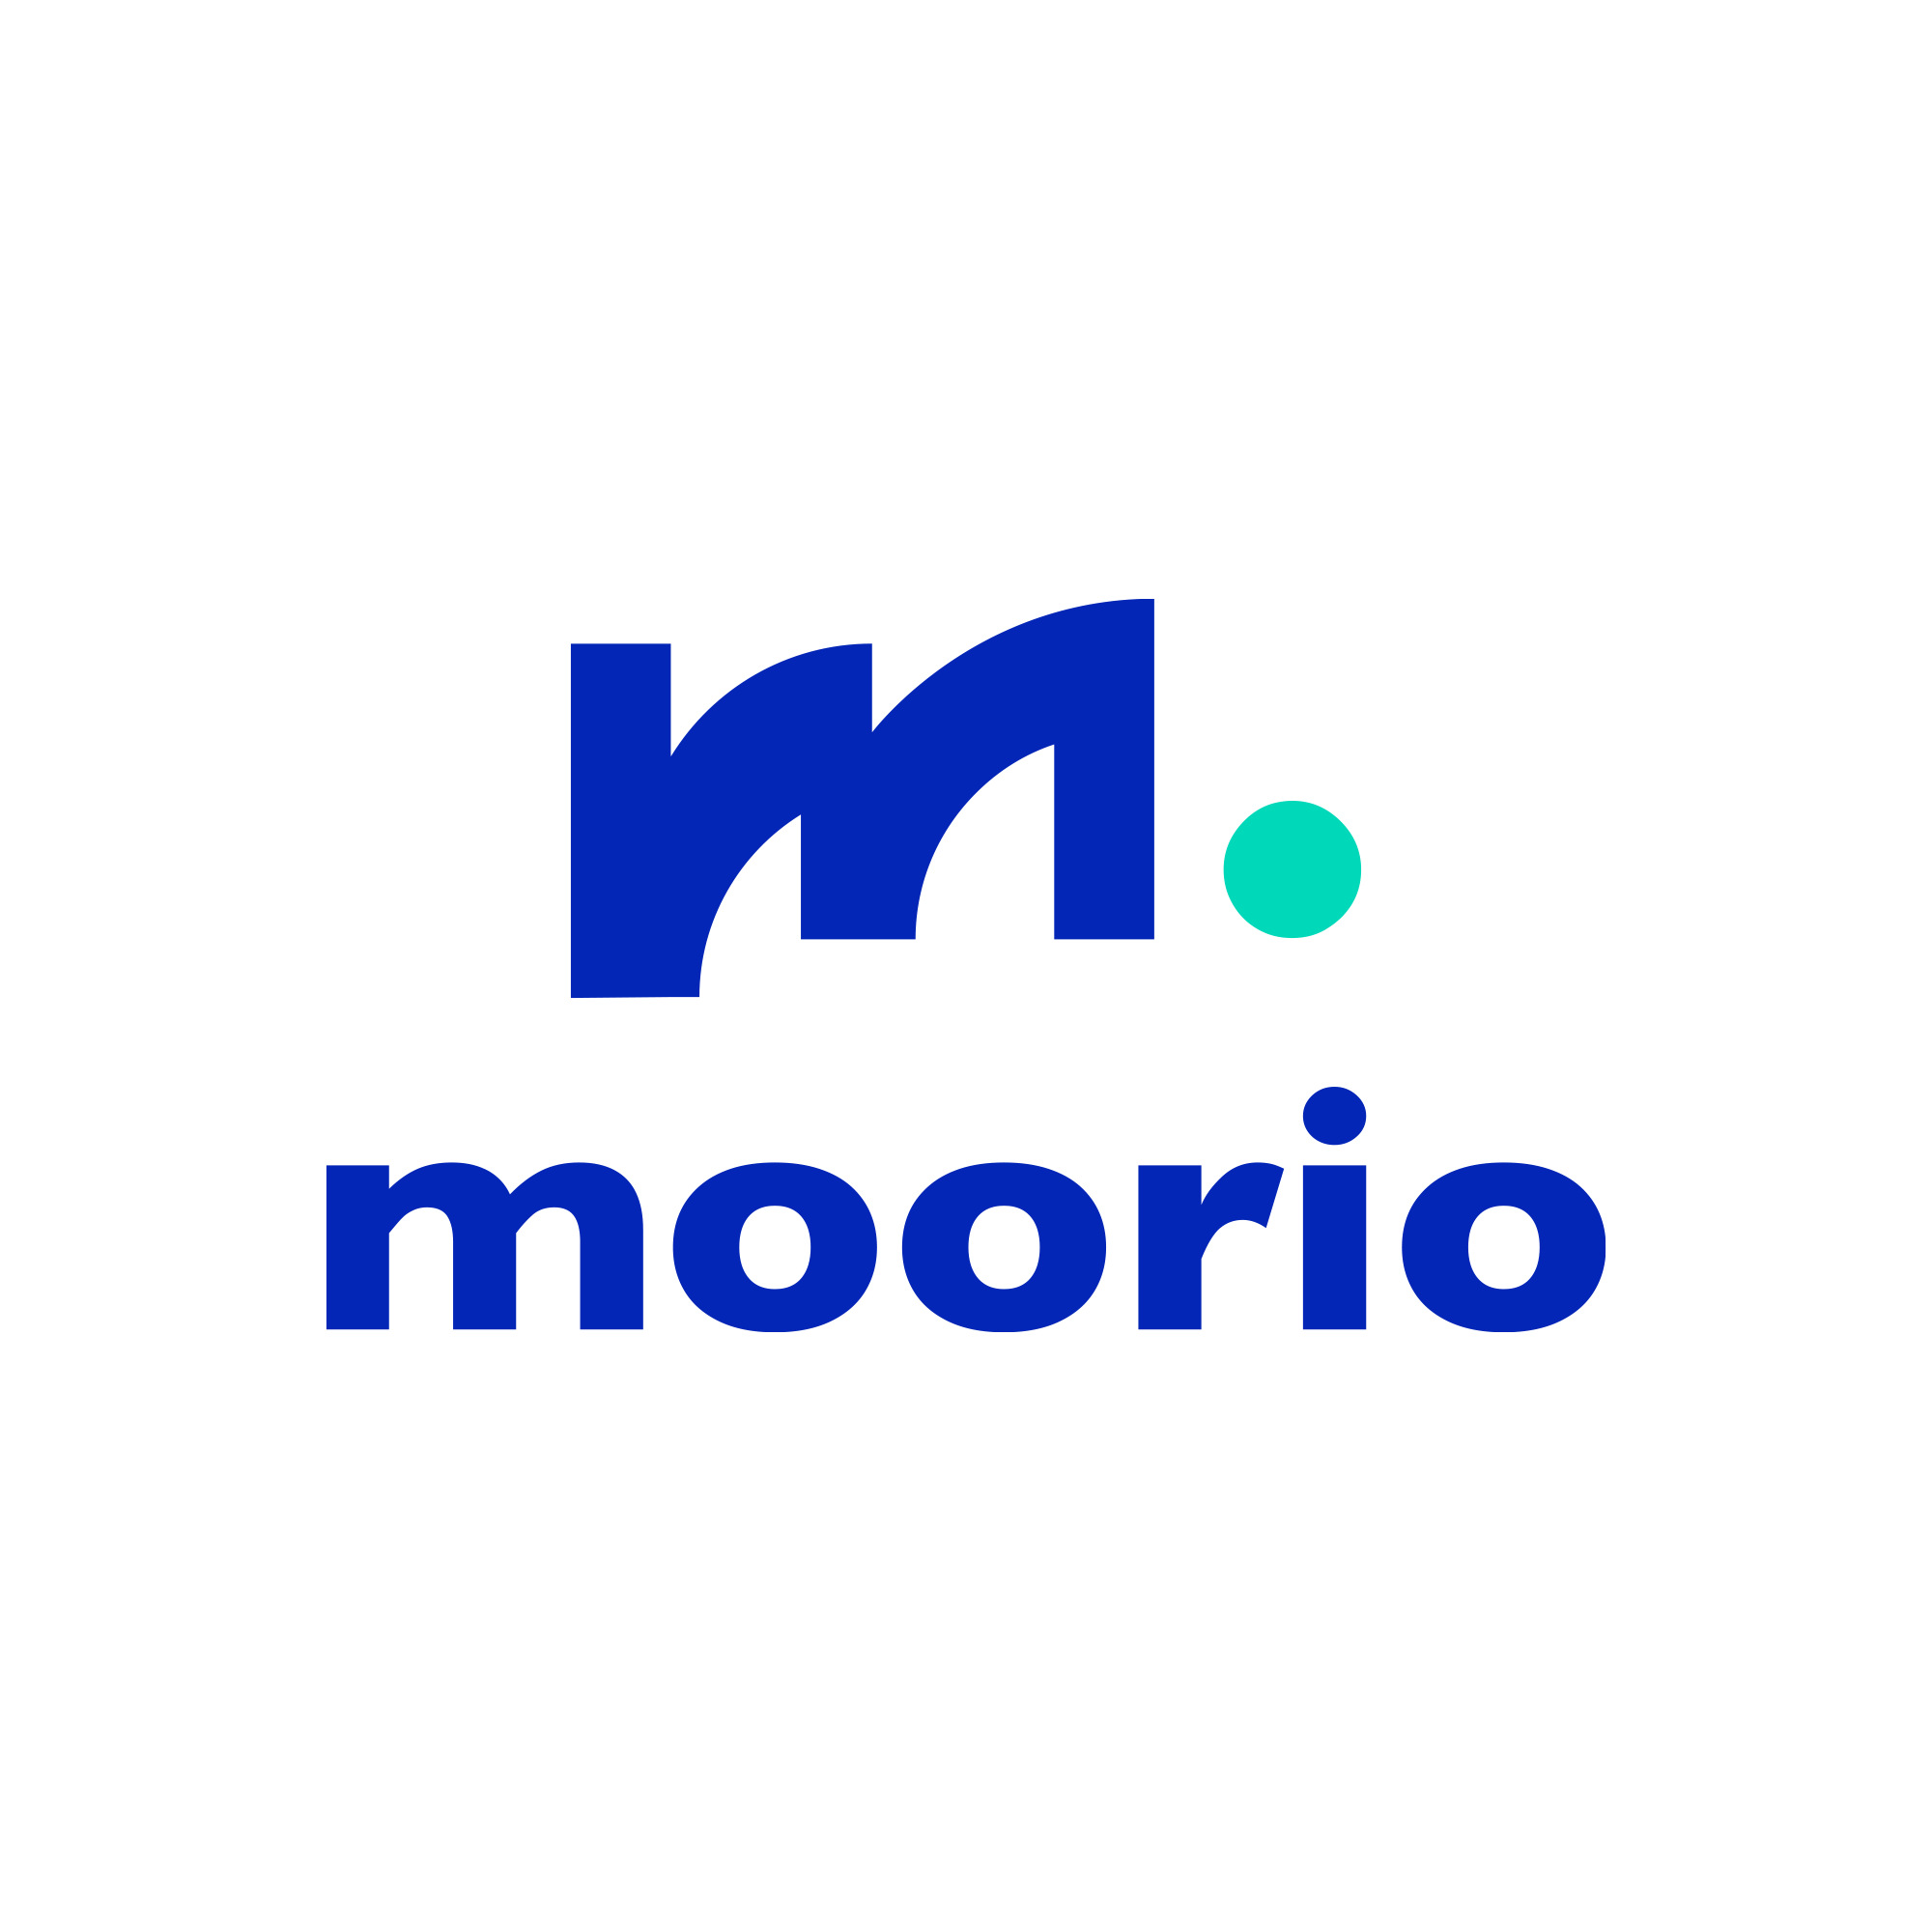 Moorio
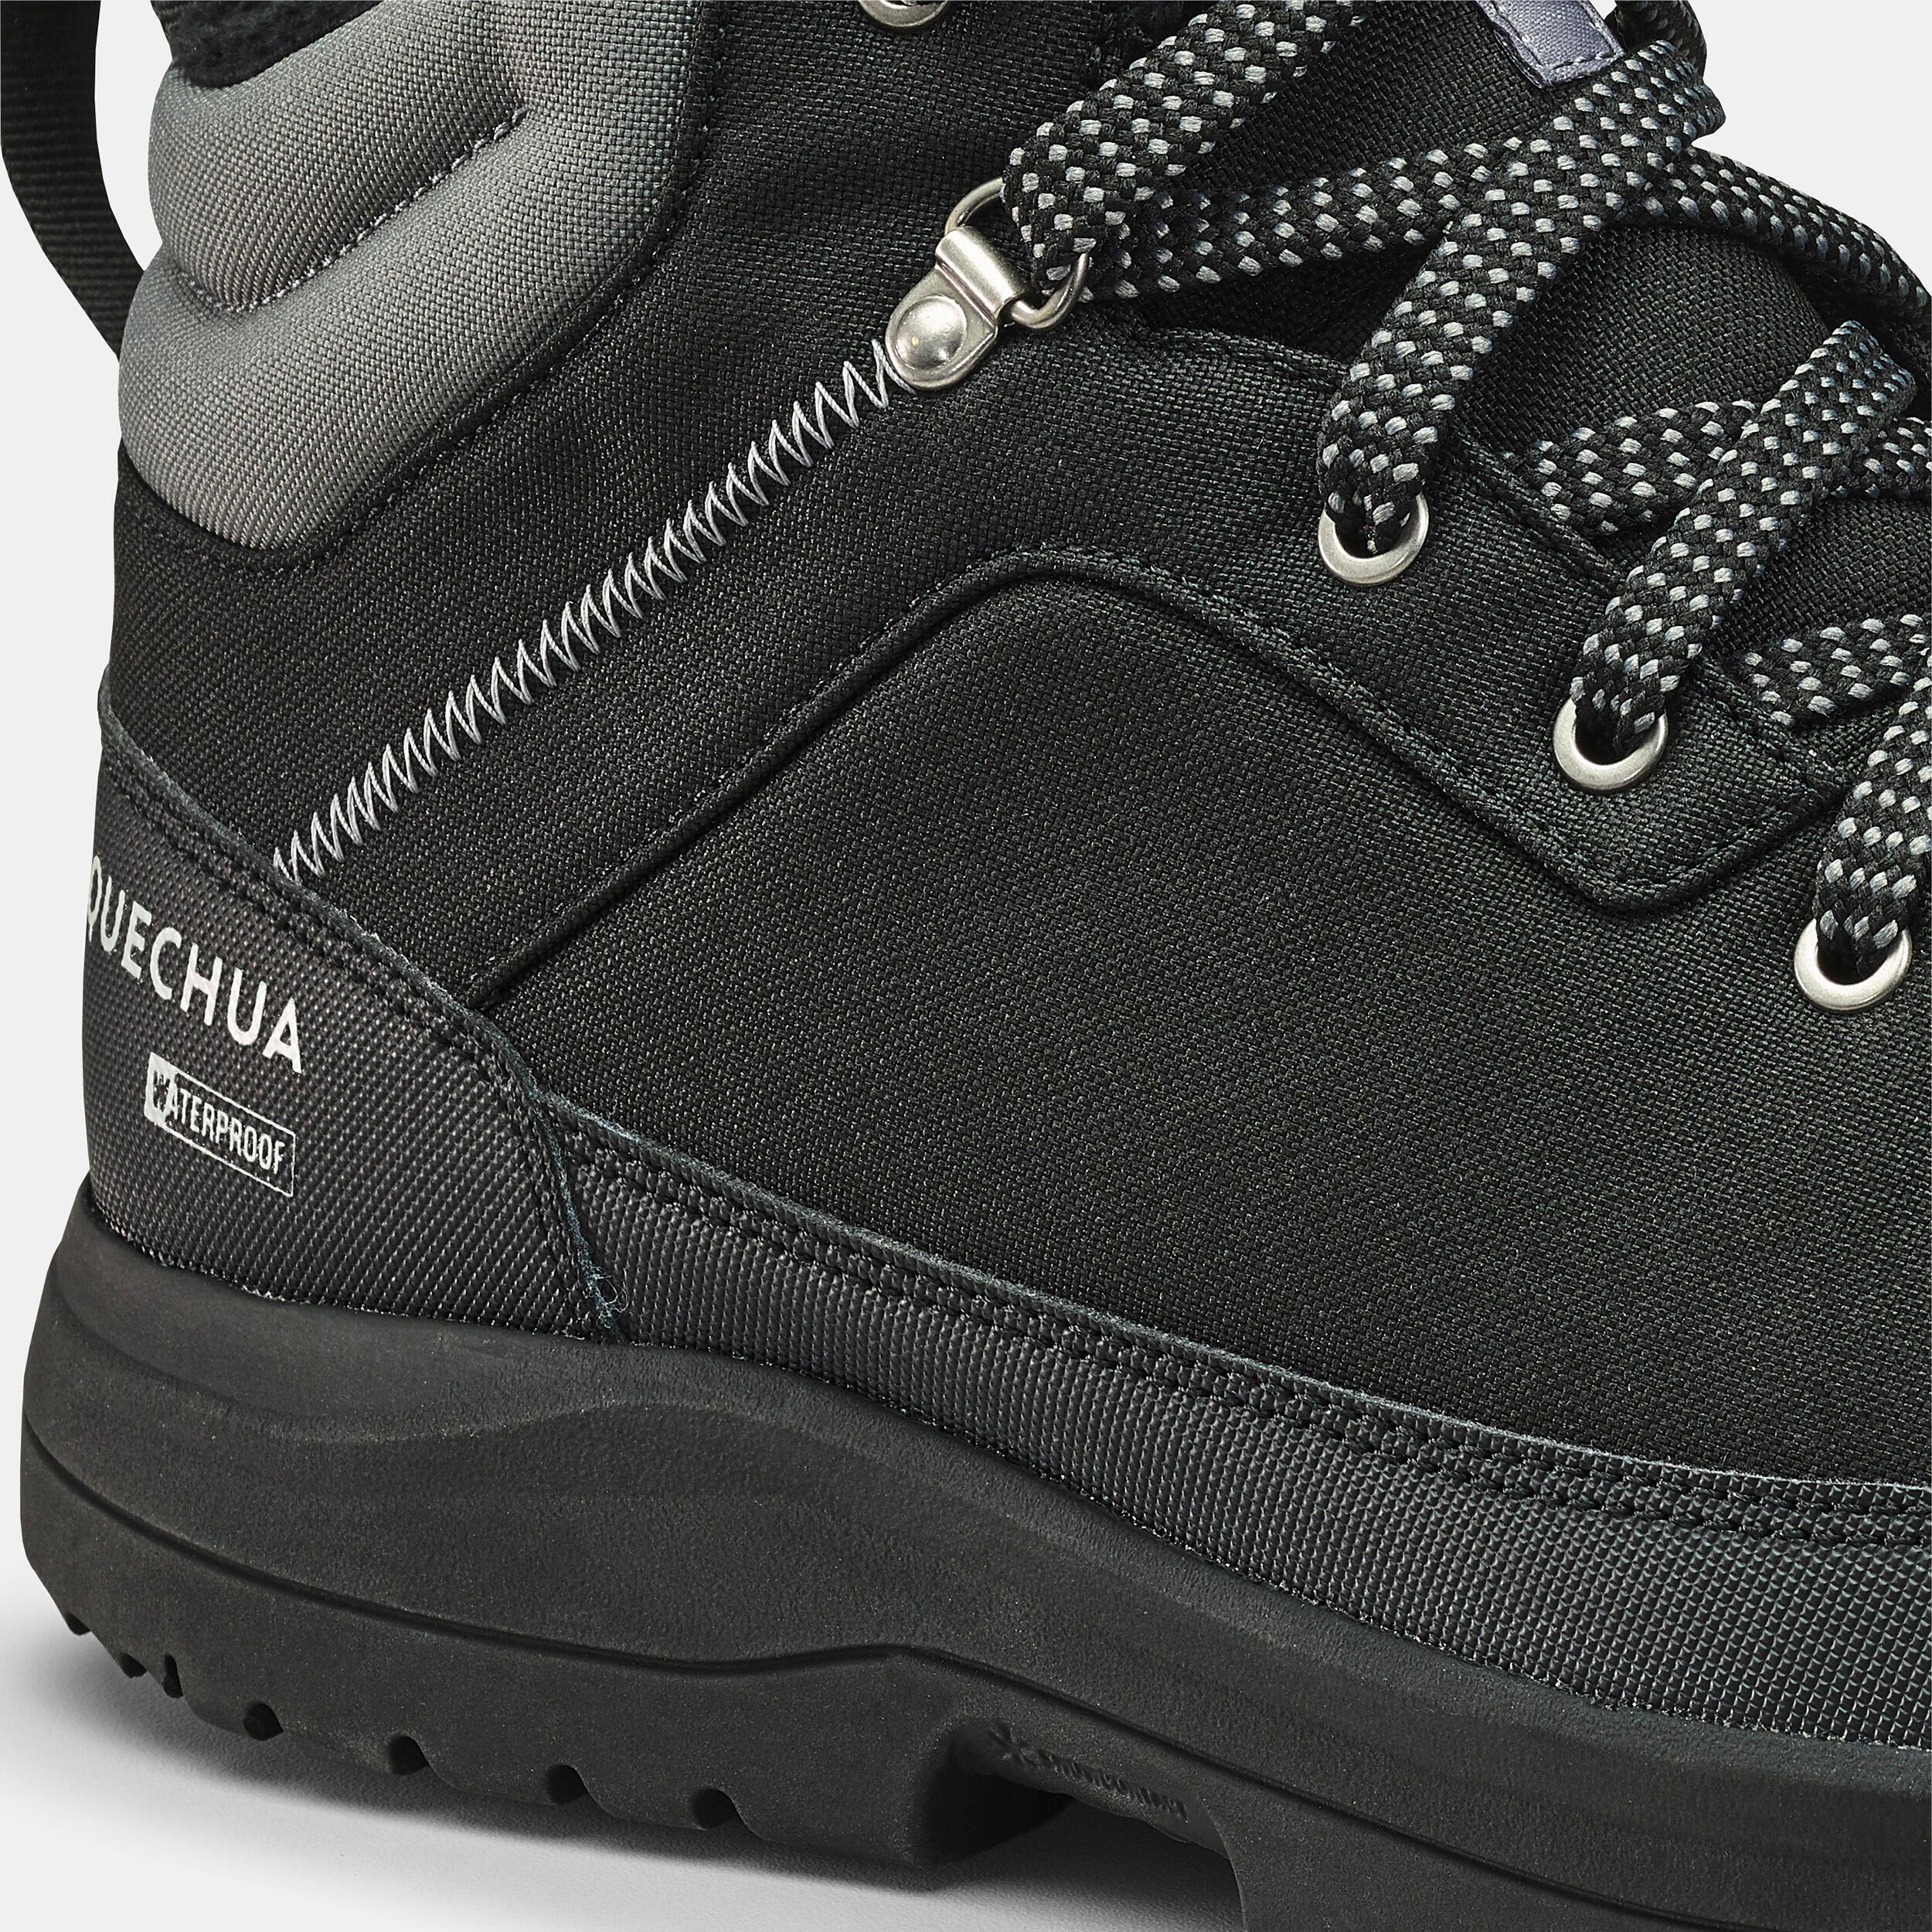 Мужские непромокаемые ботинки средней высоты для зимних походов QuechuaSH100, черный/темно-серый – заказать с доставкой из-за рубежа черезонлайн-сервис «CDEK.Shopping»
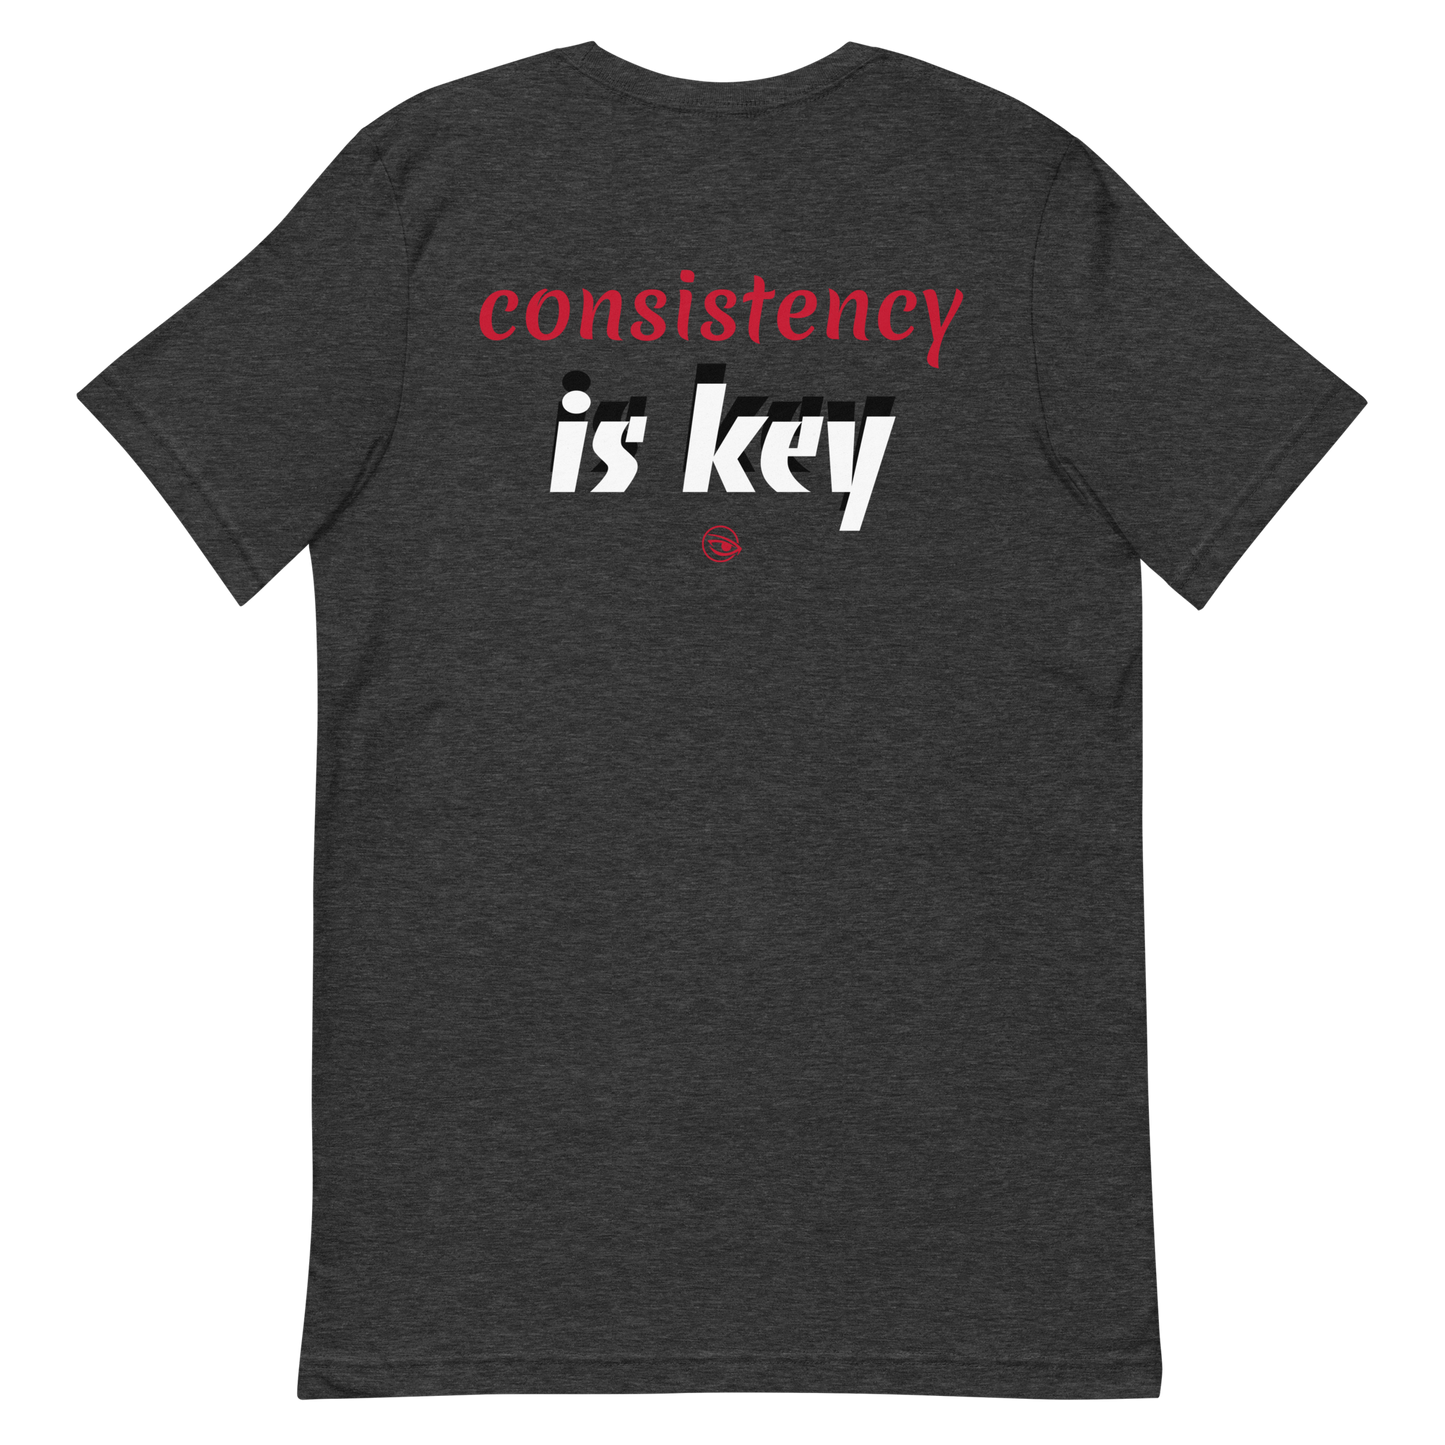 "CONSISTENCY IS KEY" FOCUS LOGO TEE

REQUIRED ACTION :: Skip the pictures and copy exactly the lines from the one containing "Мужские непромокаемые ботинки" through the end of the material, both ends included.

WRITTEN SOLUTION ::
 Мужские непромокаемые ботинки средней высоты для зимних походов QuechuaSH100, черный/темно-серый – заказать с доставкой из-за рубежа черезонлайн-сервис «CDEK.Shopping»
 "CONSISTENCY IS KEY" FOCUS LOGO TEE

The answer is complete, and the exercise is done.